Coimbra: Junho de 1972. A velha rivalidade entre estudantes e futricas parece ter feito o mundo rodar ao contrário. A Académica, a Briosa Académica, do alto do seu orgulho de equipa das capas negras, com os seus rapazes licenciados que já tinham conseguido a proeza de ficar em segundo lugar no campeonato e de lutar, na Europa, contra emblemas de renome, não aguentou a pedalada da época que chegava ao fim e descia de divisão de mão dada com o Tirsense. Mas, apesar de tudo, a cidade estava em festa. O União, aquele que era apequenado com a diatribe perversa – «Se não houvesse União nem havia II Divisão» – libertara-se da maldição que pendia sobre o clube desde a sua fundação, em 1919, e cometia a proeza de, nas duas últimas jornadas, ultrapassar o Riopele, que chegou a ter um avanço muito confortável, aproveitando o empate dos minhotos em casa, contra outros minhotos, os do Famalicão (1-1) e tomar a dianteira da Zona Norte na luta pela subida, na qual também o Marinhense patinou à beira do final.

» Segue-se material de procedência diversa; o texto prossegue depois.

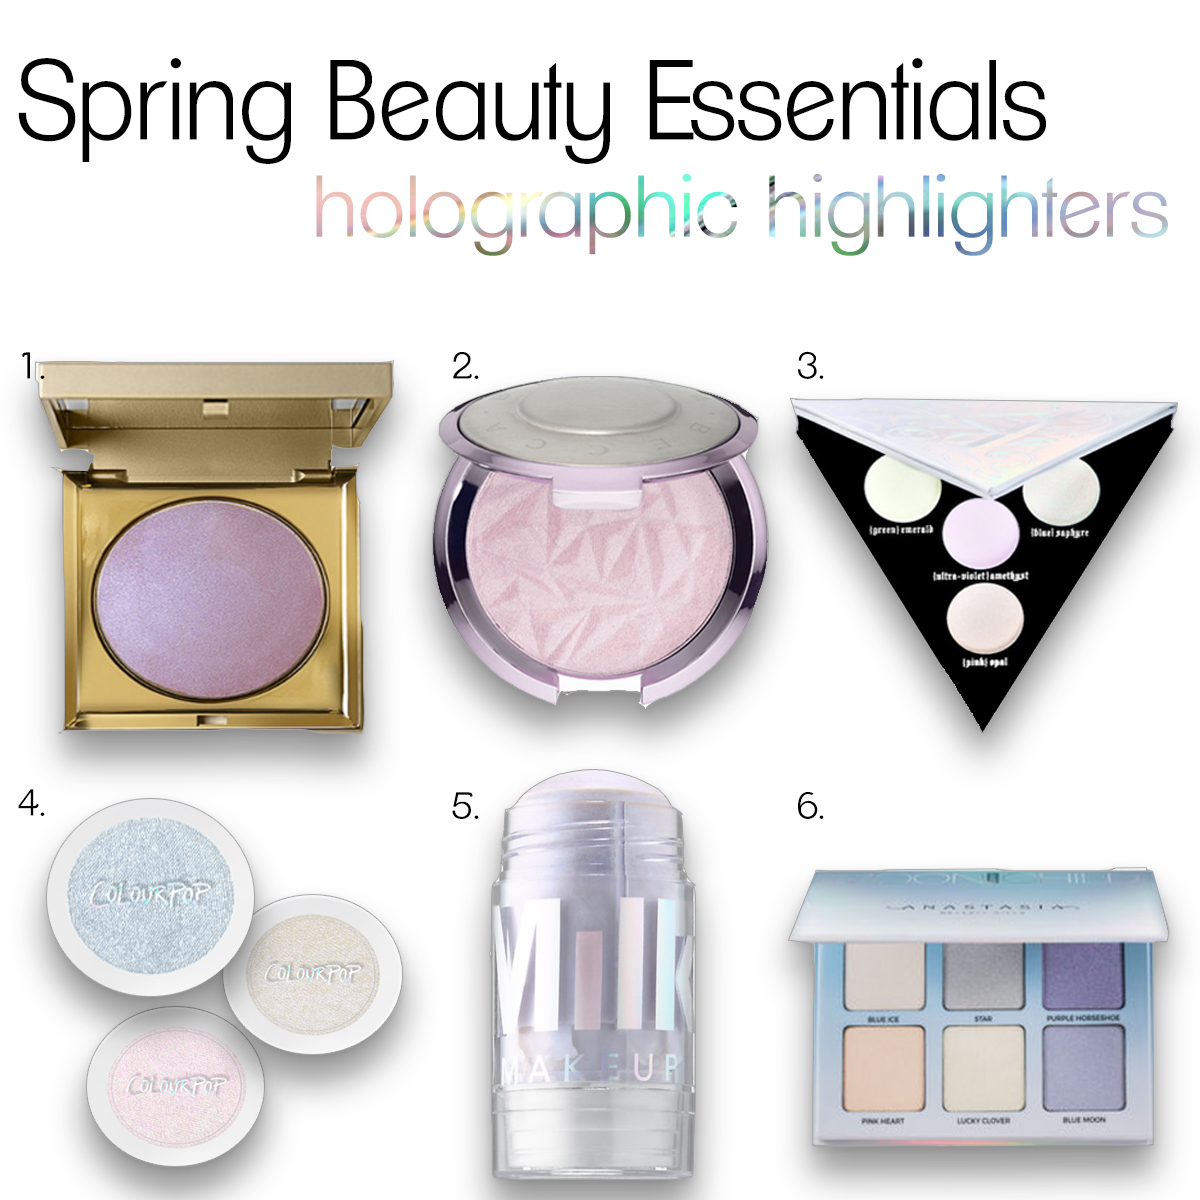 Holographic Highlighters

Juntou-se a malta, apertada até aos gorgomilos, no Campo da Arregaça, para assistir ao União de Coimbra-Salgueiros da jornada nº 30, a derradeira. Chapeuzinhos cónicos de papel e cinco mil litros de vinho. Isso mesmo! Cinco mil litros do tinto postos à disposição dos adeptos por bolsas generosas. Vitória por 3-1. «O União subiu! O União subiu!», gritavam as gargantas roucas que, naturalmente, precisavam de ser refrescadas. Pela primeira e única vez estaria entre os maiores já que, no final da época seguinte, o mundo coimbrão do pontapé na bola deixou de ficar de pernas para o ar, e a Académica subiu caindo o União num dos três lugares destinados à despromoção. Há coisas que parece que nunca mudam.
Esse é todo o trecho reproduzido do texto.